While we cannot pinpoint the exact distribution of these archetypes, understanding them helps us better formulate the Average Treatment Effect.

Exploring the Counterfactual

While we may never know the precise distribution of compliance and response behaviors, we understand that P(X, Y | Z) varies with U. In simpler terms, knowing the probabilities of outcomes based on treatment allows us to infer insights about underlying factors.

Now, let's pivot to our first video for further illustration.

The first video, "What is Your Product?", delves into understanding product effectiveness and how to assess if it meets user needs.

Although we lack the means to determine U's distribution, we can still derive valuable insights from the observable data.

The Role of Intention-to-Treat Analysis

Standard practice in experimental research often involves Intention-to-Treat (ITT) analysis, which assesses the effect of treatment assignment rather than actual compliance. While convenient, this method can obscure significant information and lead to misleading conclusions.

Consider a simulated experiment in which we gather extensive data on compliance and outcomes, only to see ITT reduce this rich dataset into two simplistic measures. This approach risks discarding crucial insights.

To illustrate the importance of a more nuanced analysis, let’s watch another video.

In "Want to test a product? | Does It Really Work?", we explore the implications of analyzing treatment effects more rigorously.

By employing a causal model, we can uncover the true impact of treatment by considering the factors influencing compliance and response. Such an approach allows for a more accurate evaluation of product efficacy, moving beyond surface-level analysis.

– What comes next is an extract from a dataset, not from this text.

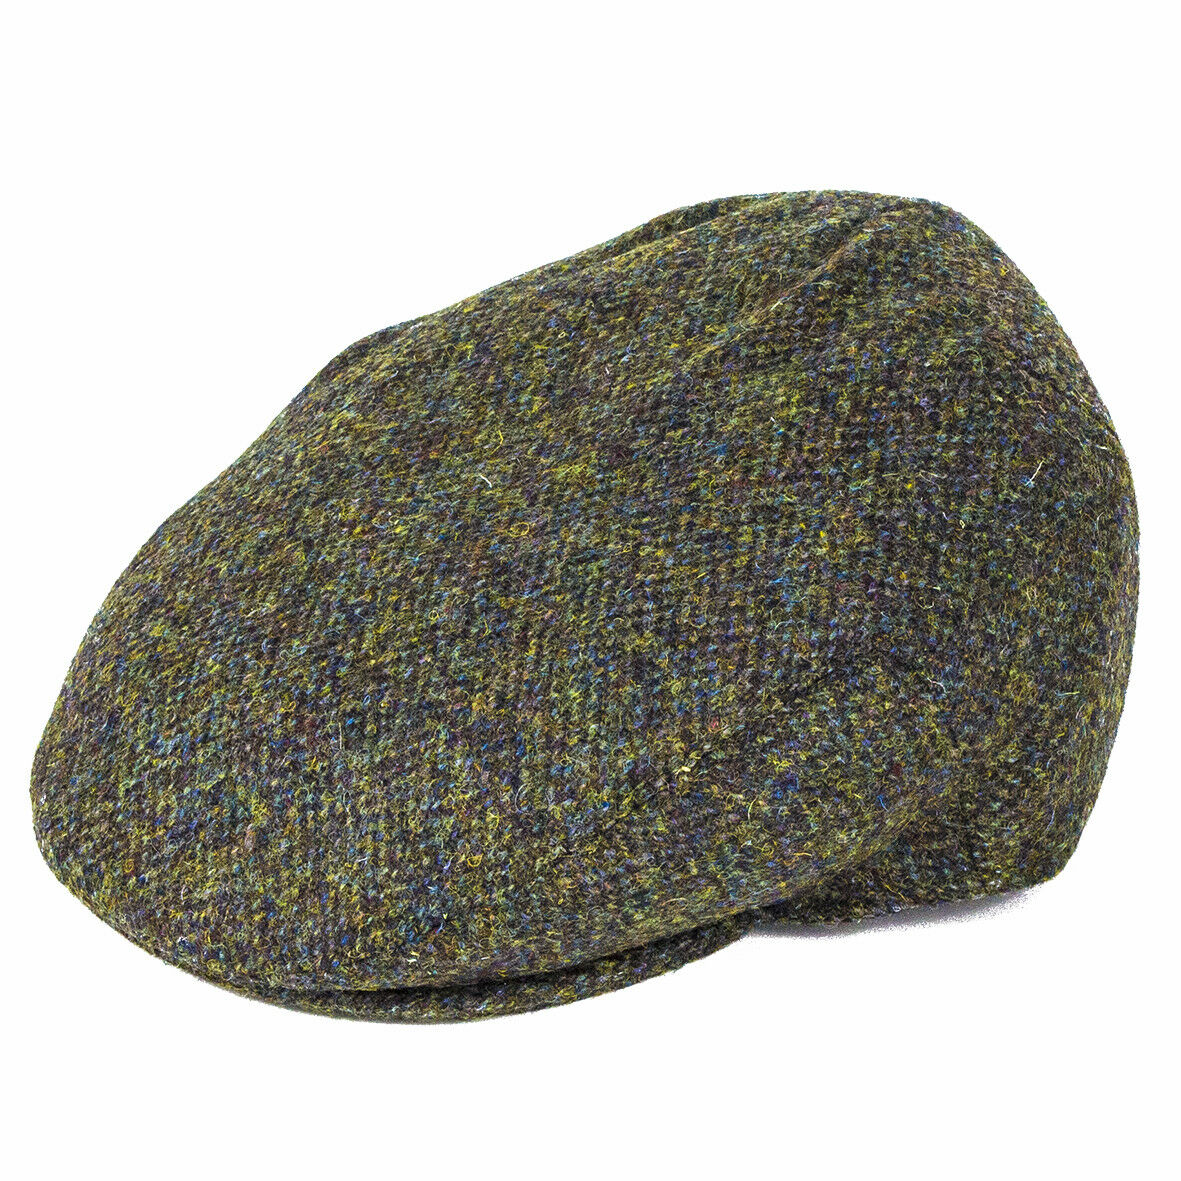 Failsworth Failsworth Failsworth Hats Stornoway Harris Tweed Flat Cap - Grün Mix | Stilvoll und lustig  cff538

Conclusion: The Power of Causal Thinking

Adopting a causal framework rather than relying solely on observed data empowers us to make informed decisions about product effectiveness. Although many statistical methods may yield similar results, recognizing the potential for divergence highlights the importance of understanding the underlying processes that shape our data.

In summary, I hope this discussion equips you with new tools for evaluating product impact and a fresh perspective on problem-solving.